Menschen, mit einer sehr ausgeprägten und besonders starken inneren Widerstandskraft, ist es oft gemein, dass sie sehr klare langfristige Pläne und Visionen für sich definiert haben, und ihren Alltag immer wieder daran ausrichten. Was ist Ihr Fernziel? Wohin soll Ihre Reise gehen? Schaffen Sie sich innere Bilder von den Situationen, die irgendwann eintreten werden. Das gilt für berufliche Visionen genauso wie für die kleinen Freuden des Lebens. Mit welchen Menschen möchten Sie in Zukunft mehr Zeit verbringen? Welche Themen sollen im Zentrum Ihres Lebens stehen? Vielleicht möchten Sie einen neuen Beruf ergreifen oder im eigenen Beruf die nächste Karrierestufe erklimmen? Vielleicht möchten Sie endlich Ihre Traumreise planen und in die Tat umsetzen? Was immer Sie sich visualisieren – die Aussicht darauf wird ihnen helfen, unsichere und kritische Zeiten zu überstehen.

Tipp 2
Nehmen Sie sich auch für die langfristigen Ziele ein paar Momente Zeit. Vielleicht bei einem guten Glas Wein? Überlegen Sie in Ruhe, wo Sie in den nächsten 5-10 Jahren stehen möchten. Definieren Sie auch hier konkrete Ziele, Zwischenschritte und konkrete Maßnahmen, um die Visionen zu realisieren. Wenn Ihre Vision eine besondere Investition

erfordert (zum Beispiel eine besondere Reise), könnte eine Maßnahme sein, ab sofort monatlich eine feste Summe an Geld zu sparen.
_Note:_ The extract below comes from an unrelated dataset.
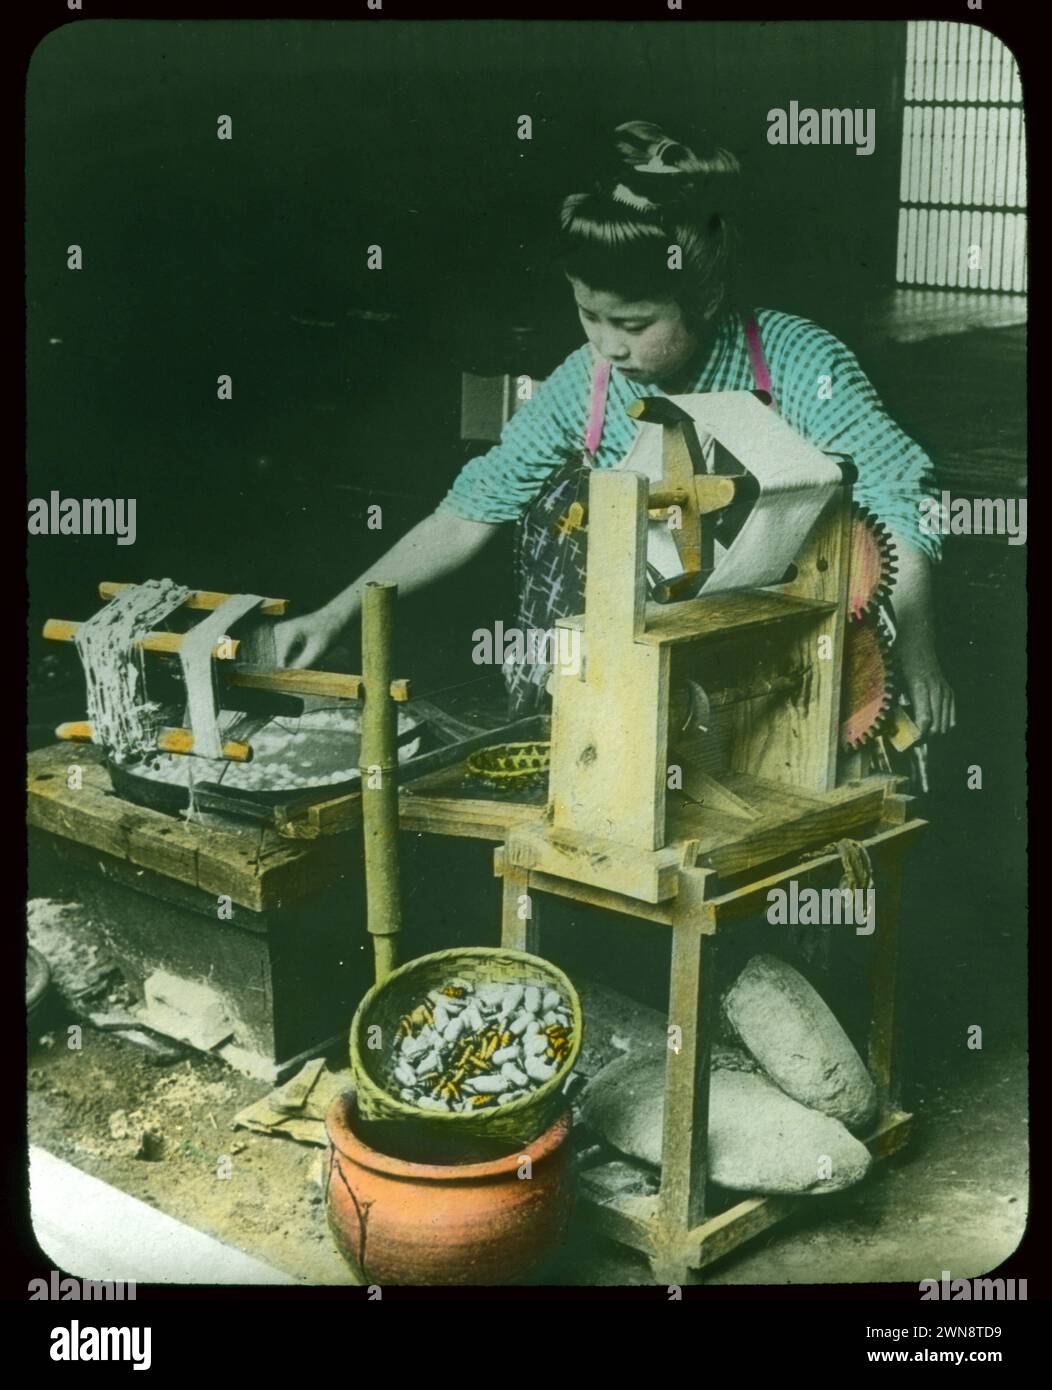 Japaner arbeiten Seide aus Kokkons in rustikale Ausrüstung. Aus Hebert Geddes 'Life in Japan' Kollektion: Handfarbige Vintage-Glasfolien aus der Meiji-Ära. Yokohama, Japan Ende des 19. Jahrhunderts. Diese Bilder von verschiedenen japanischen Künstlern wurden an Besucher verkauft. Stockfoto

Bei beruflichen Vorhaben fällt die Definition einer Vision mitunter schwerer, da sie oft komplexer und von mehreren – untereinander verwobenen – Faktoren, abhängig erscheint. Hier kann ein professionelles Coaching eine sehr gute Investition sein. Einfach um die Dinge anschließend klarer zu sehen. Die Erarbeitung konkreter Lösungen gelingt dann häufig effektiver.
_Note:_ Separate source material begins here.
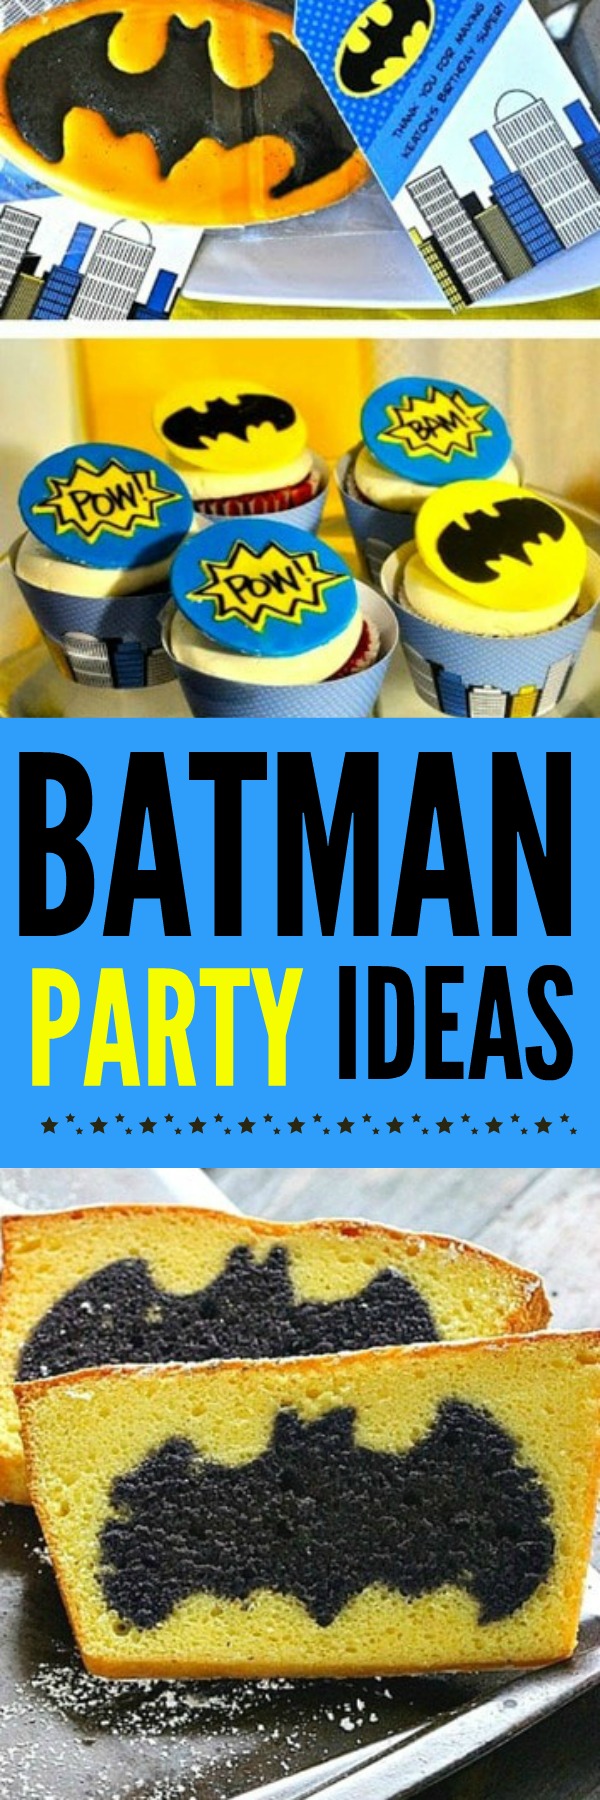 Batman Party Ideas

So oder so. Richten Sie Ihre Gedanken in die Zukunft! Träumen Sie ein bisschen! Denken Sie dabei an die mutigen Seefahrer und definieren Sie Ihren Zielhafen, in dem Sie ein Bild von der Zukunft entwerfen, wie es für Sie schön und erstrebenswert ist. Greifen Sie nach den Sternen – gerade in diesen unsicheren Zeiten. Das wird Ihnen helfen, Ihre Zuversicht zu bewahren und innerlich gestärkt daraus hervorzugehen.

Ich wünsche Ihnen viel Spaß dabei und bleiben Sie – heute noch mehr als sonst – gesund und neugierig.